Welcome to the forum. Love your fishing rig. I think a jockstrap headband and a smallish throw light would work well. The Nitecore MH20GT comes to mind. Olight also makes some nice throwers. I have one of their M2x Javelot light that throws over 2,600ft like a spaceship saber light. Mount these suckers on your boat and any fish caught in the beam and will be stunned. LOL.


----------



## cdh4088 (Jun 26, 2016)

That M2x Javelot looks amazing for its small size! I bet I could rig it to the side of a hat, its probably too heavy for a regular headband. is there a runtime difference between using two cr123 vs a good quality 18650? Also, does it get hot during extended use?


----------



## parametrek (Jun 26, 2016)

The HL8 is one of the throwier headlamps you can get. There are a few that have tighter beams, but greatly reduced lumens. The only one I know of that is equally bright with a tighter beam is the Led Lenser H14.2. Like your HL8 it is focusable. Runs on 4xAA and costs $90.

If you want a really tight beam with no spill and don't care about lumens, take a look at the Pelican HeadsUp 2680. This model uses Pelican's fancy reflector setup designed for diving flashlights. 4xAA, non-focusable and $65.


----------



## davidt1 (Jun 26, 2016)

cdh4088 said:


> That M2x Javelot looks amazing for its small size! I bet I could rig it to the side of a hat, its probably too heavy for a regular headband. is there a runtime difference between using two cr123 vs a good quality 18650? Also, does it get hot during extended use?

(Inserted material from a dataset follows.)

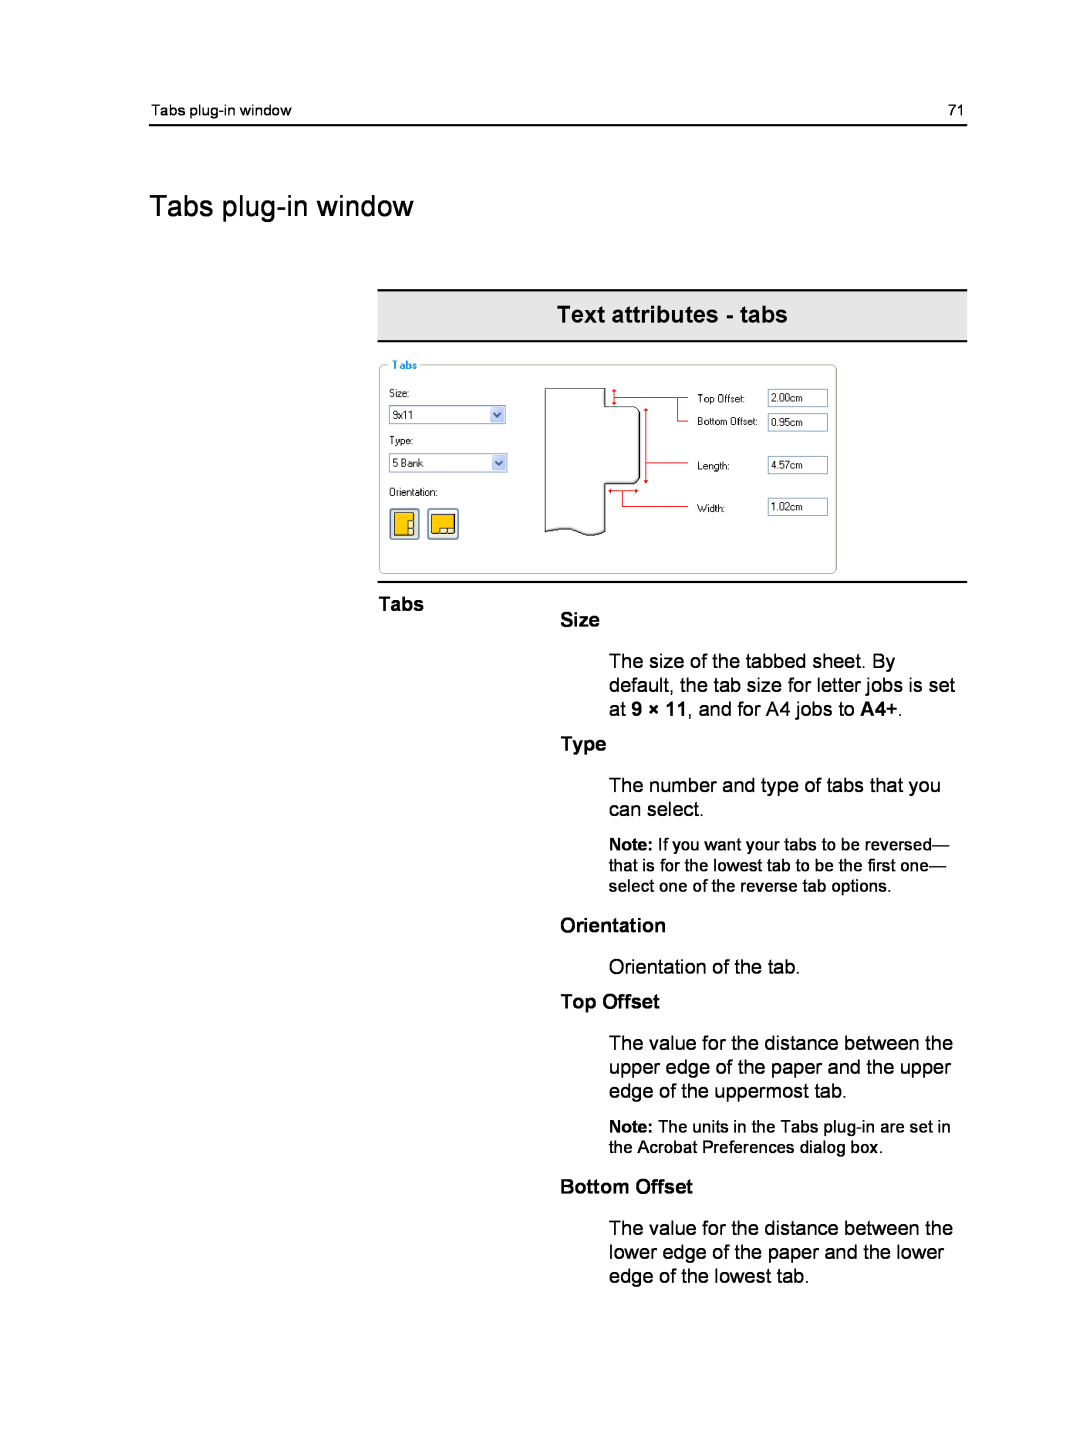 Xerox 550, 560 manual Text attributes - tabs, Tabs Size, Type, Orientation, Top Offset, Bottom Offset

I have only used the light for short periods at a time, so I don't know how hot it gets during extended use. A reviewer I trust DB Custom said it gets very warm but not hot. I have never used CR123 batteries, so I don't have an answer. The M2X-UT is a popular light and has many reviews, which might have the answer to your questions.


----------



## cdh4088 (Jun 26, 2016)

My HL8 is an older model, it was originally 300-some lumens, the new ones are rated at twice that, even though they look the same. Mine has held up well for several years. Now there is the HL8R, which has an 800 lumens output using 18650 batteries.
Lenser now has the XEO 19R, which has dual independent focusing beams, but the high output is only a burst mode, and the $350 msrp does make me cringe a bit.

I might buy an M2X with extension tube and play around with it a bit, but its so bright up close I wonder if its like staring at a welding arc all night. It also has a warmer hue than most, which in my case, warmer is better. Murky water does best with a warmer color.


----------



## GeoBruin (Jun 29, 2016)

If price really isn't a concern, Google Spike Lights. They're made by a forum member here and are the throwiest headlamp available.


----------



## cdh4088 (Jun 30, 2016)

GeoBruin said:


> If price really isn't a concern, Google Spike Lights. They're made by a forum member here and are the throwiest headlamp available.



Good suggestion, Im really leaning towards one of these now after checking them out.
$225 usd is a bit steep, but my bet is its the last one Ill need to buy.


----------



## GeoBruin (Jun 30, 2016)

Yeah, he'll update the LED for you so at least that component won't be obsolete and the rest is built like a tank.


----------



## livemusic (Jun 30, 2016)

cdh4088 said:


> Good suggestion, Im really leaning towards one of these now after checking them out.
> $225 usd is a bit steep, but my bet is its the last one Ill need to buy.



What do you see for $225? I see $300 and more. That is a lot of money! Would love to see some other options that don't cost as much, although I am open to spending that much if it's that good.


----------



## laxtond (Aug 12, 2016)

Nice to hear from a fellow bowfisher! I've never used just a flashlight as I shoot from a larger aluminum boat, I have used a 12v spotlight before moving to my current LED/generator set up. I always thought I might take my kayak out for bowfishing some harder to reach spots but I've always got a few buddies with me so never gotten around to it.

But always use my AA zebralight headlamp for moving around the boat. (not really sure of the model)

Definitely agree that you need a tight focused beam to be able to see down into the water. I would have to agree that a small single 18650 flashlight in some kind of sturdy head mount would work just about the best because it would have a larger reflector and be able to focus/throw the light better than a dedicated headlamp or one of the smaller angled style headlamps. 

I can't really suggest a specific light or headband setup but just thought i'd offer my experience.

Out of curiosity what bodies of water do you bowfish? Im from southern Ohio and have done all of my action on the Ohio river and some smaller tributaries. Some nights are better than others as the water can change very quickly to pretty clear to very little visibility.


----------